Luxemburger Wort

Un regard d’aujourd’hui

La pièce «La mère coupable» de Beaumarcha­is remise au goût du jour au Théâtre d’Esch

- Par Thierry Hick

Pour s’attaquer à un classique du répertoire, il faut une bonne dose d’audace et d’imaginatio­n et éviter de tomber dans le piège d’une mise au goût du jour facile et réductrice. L’auteur et homme de théâtre Thomas Piasecki et le metteur en scène Laurent Hatat en ont fait l’expérience avec leur relecture de «La mère coupable» de Beaumarcha­is, qu’ils présentent mardi soir au Théâtre d’Esch, qui coproduit cette création.

«Notre exercice s’apparente à celui d’une traduction. Il faut différenci­er la source et la cible. Tout en restant fidèle à l’esprit de l’original, nous voulions atteindre une cible contempora­ine pour nous adresser à un public d’aujourd’hui», fait valoir Laurent Hatat. «Et pour ce faire, tous les coups sont permis. Il faut aussi comprendre l’auteur dans son jus. De plus une attitude respectueu­se visà-vis de l’auteur est plus que nécessaire. »

Porter un regard contempora­in implique aussi pour Thomas Piasecki «de transposer l’intrigue dans le monde contempora­in».

La pièce «La mère coupable» date de 1792 et est la troisième partie de la trilogie de Figaro, après «Le Barbier de Séville» (1775) et «Le Mariage de Figaro» (1778). C’est pour replacer la pièce dans un contexte actuel que Thomas Piasecki a conçu un texte d’introducti­on, «écrit à la manière de, histoire de se plonger immédiatem­ent dans l’univers de Beaumarcha­is. Un exercice assez jouissif, finalement».

Le Théâtre d’Esch en évoquant le travail de Laurent Hatat et de Thomas Piasecki parle d’une «version effrontéme­nt contempora­ine et colorée.» Qu’en pensent les deux «effrontés»? «Thomas est peut-être plus radical que moi. Je reste quelqu’un de prudent, timoré, mais j’ai besoin de son regard différent. Effrontée peut-être est notre décision d’exploiter davantage l’usage des langues étrangères. Figaro et Suzanne sont des expats, entourés de valets arabes. Ce qui explique le choix de différente­s langues», explique Laurant Hatat, amusé par l’image.

Redonner une place de choix aux femmes

Thomas Piasecki précise: «Dans l’original de Beaumarcha­is, les femmes, à l’image de Flora, bien que présentes, ne tenaient pas une place active dans l’histoire, elles observaien­t. Nous avons voulu leur donner plus de place. Cela peut aussi paraître effronté.

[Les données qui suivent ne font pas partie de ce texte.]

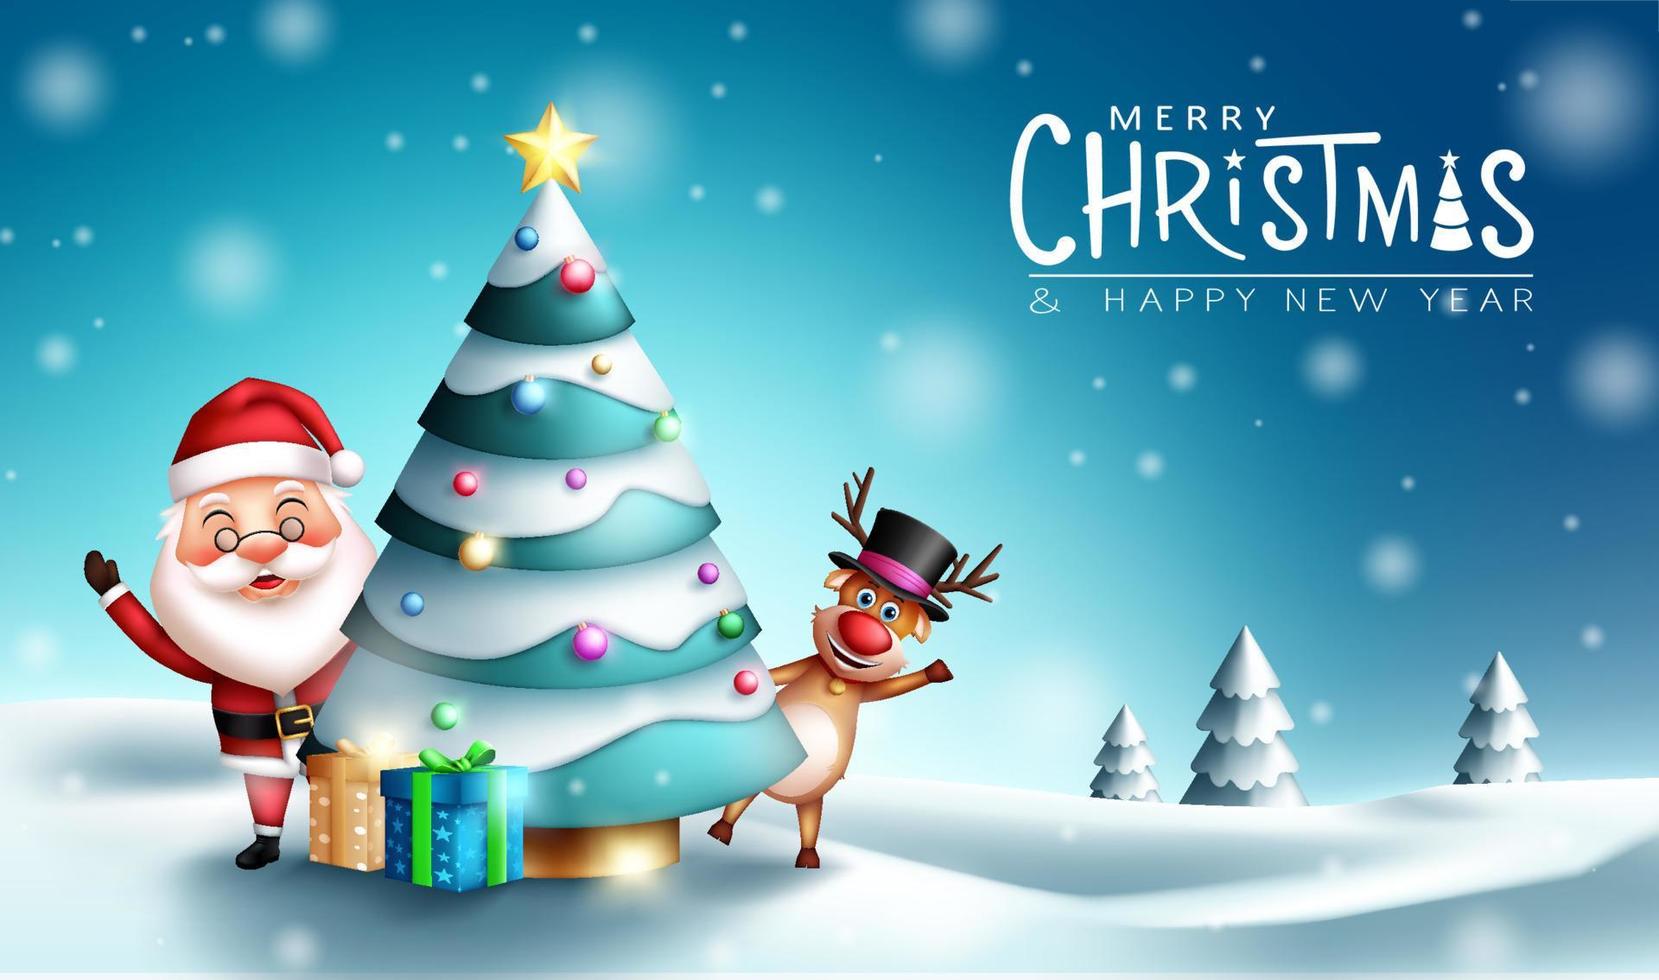 Christmas characters vector design. Merry christmas greeting text with santa claus and reindeer character waving behind xmas tree for outdoor snowy holiday season. Vector illustration
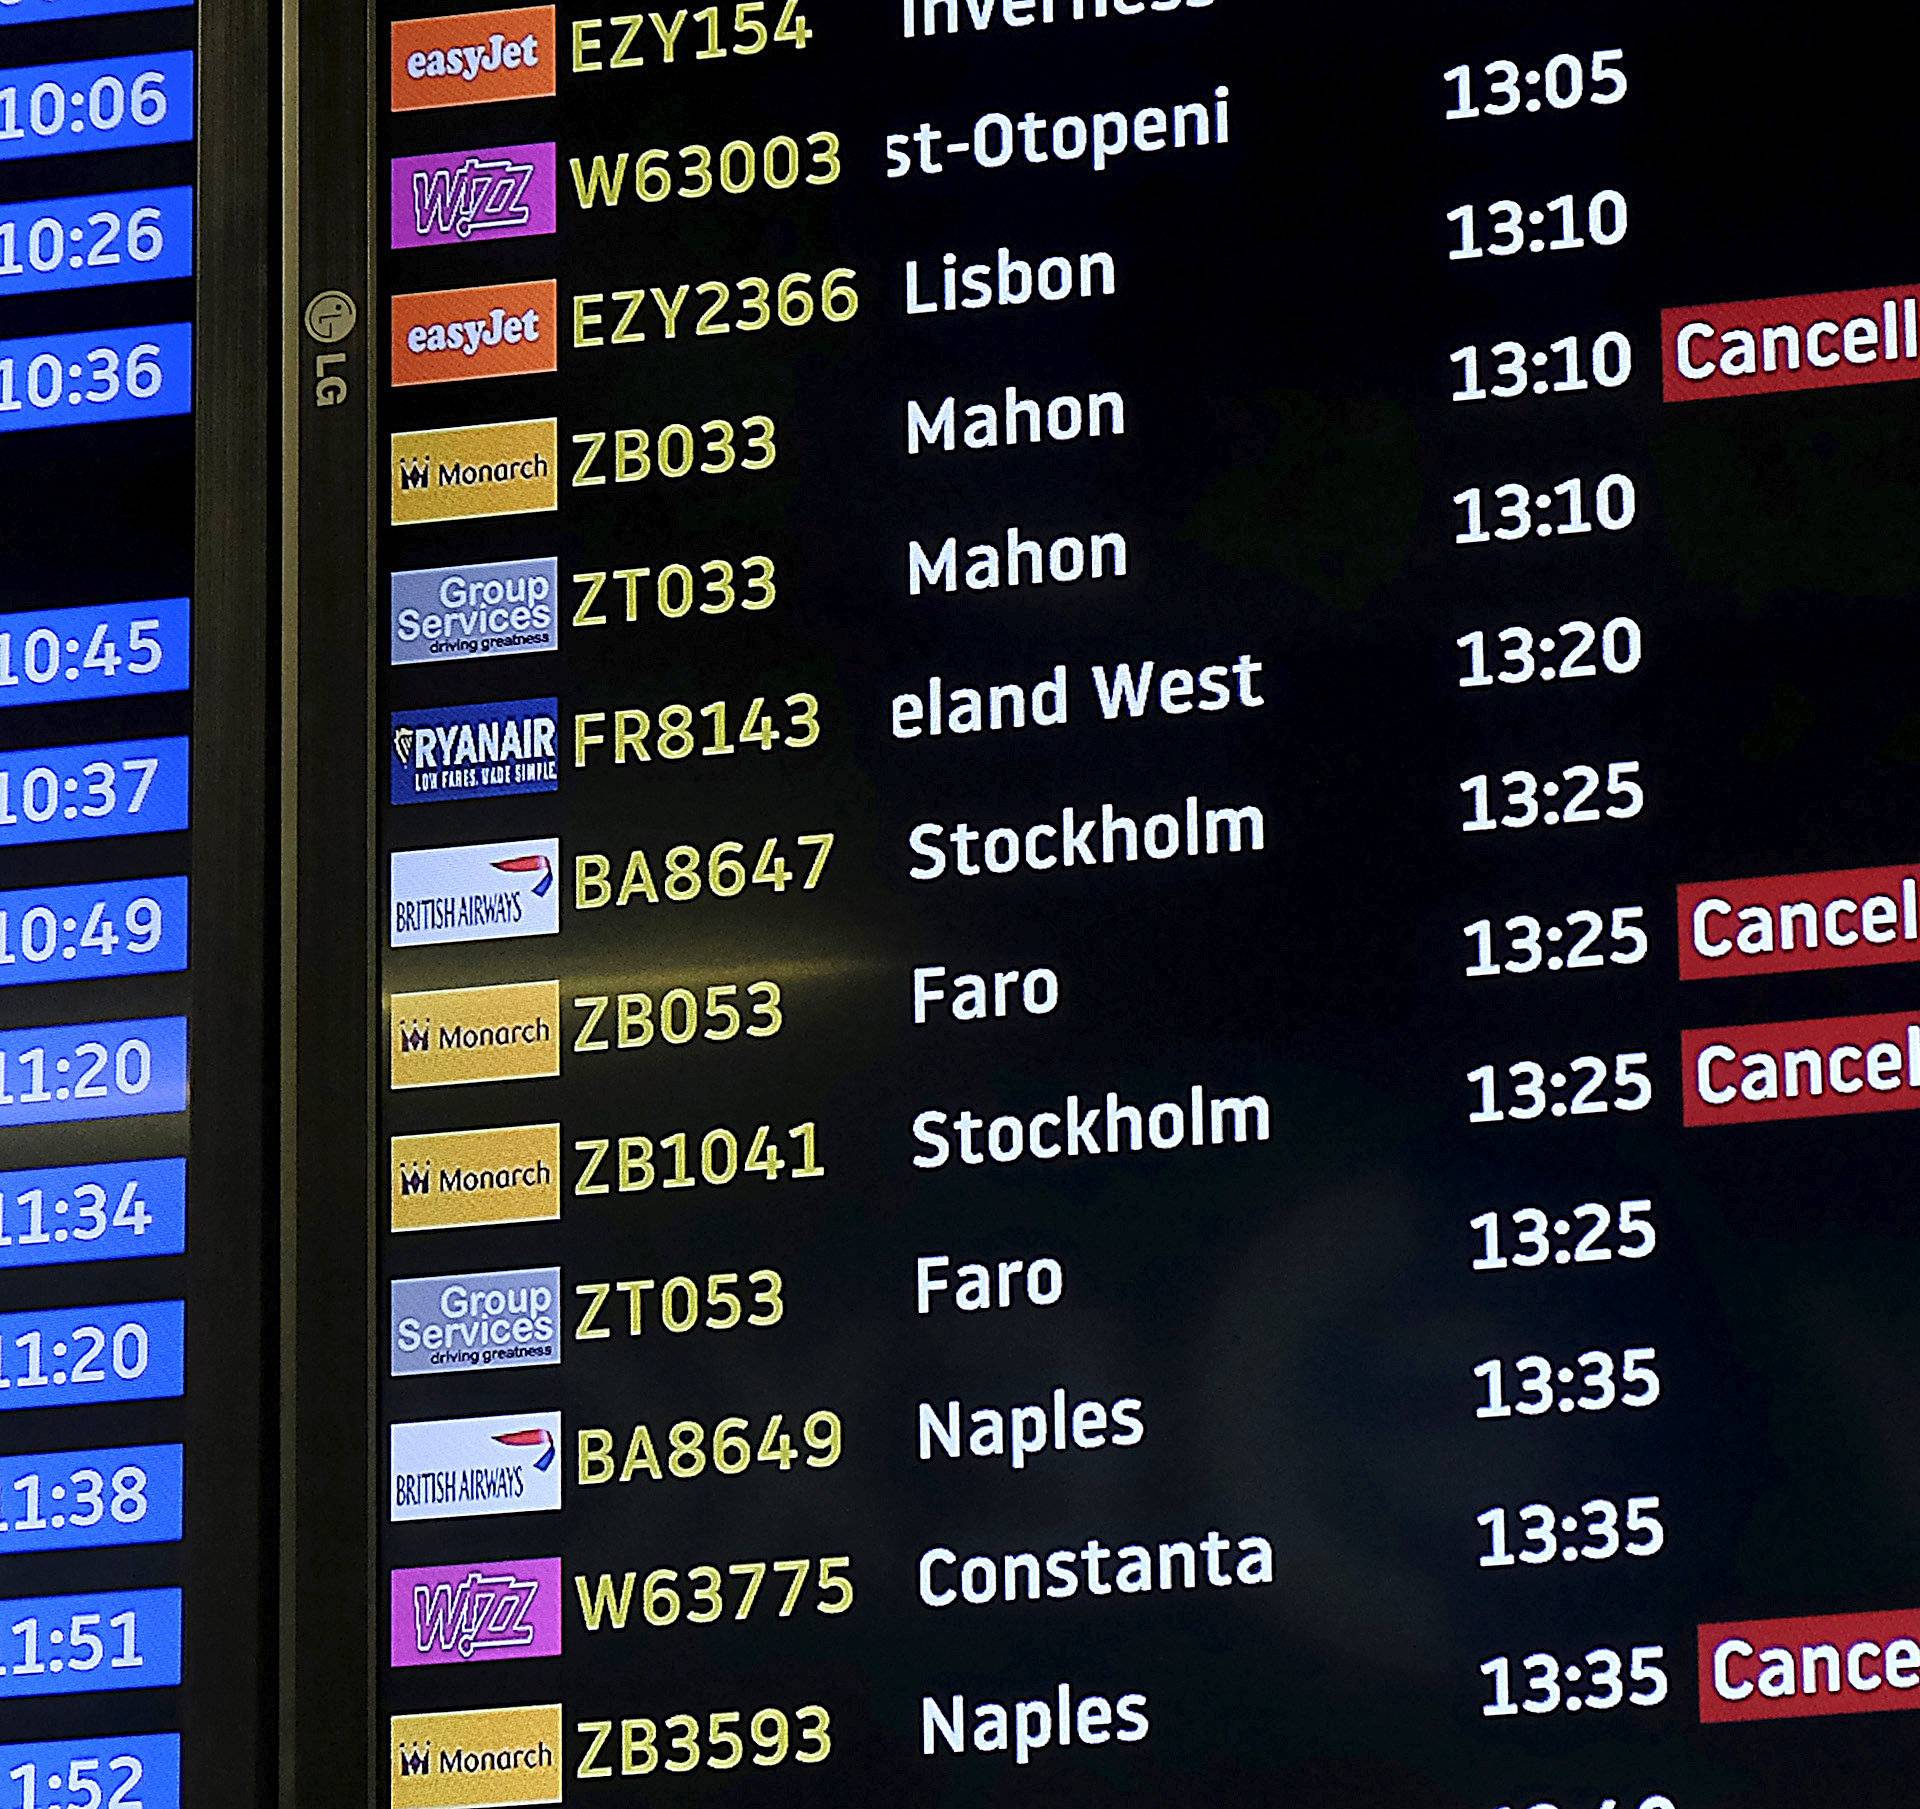 Screens display cancelled Monarch flights after the airline ceased trading, at Luton airport, Britain

Tant mieux.»

La mise en scène de «La mère courage» se veut «rapide avec des personnage­s vifs. Il ne s’agit pas d’alourdir la pièce inutilemen­t. Beaumarcha­is a écrit des scènes courtes et rapides», précise Laurent Hatat.

Le rythme soutenu doit venir corroborer cette comédie où l’intrigue est clairement affichée dès le départ. Comme pour mieux se pencher sur des thèmes d’actualité autour de différente­s formes de manipulati­ons, de secrets et préjugés, mais aussi autour de la place de la femme dans un monde patriarcal. «Cette pièce a été créée en 1792 au lendemain de la Révolution», rappelle le metteur en scène.

Laurent Hatat et Thomas Piasecki estiment-ils faire un théâtre politique, voire engagé? «Pour ma part, non. Ce qui m’intéresse, ce sont avant tout les questions autour de la vérité, des rapports humains, des combats sociaux. Notre but est faire voir la pièce avec des moyens contempora­ins et surtout ne pas de faire rire avec de vieilles idées. Et de souligner la nécessité d’un regard critique.»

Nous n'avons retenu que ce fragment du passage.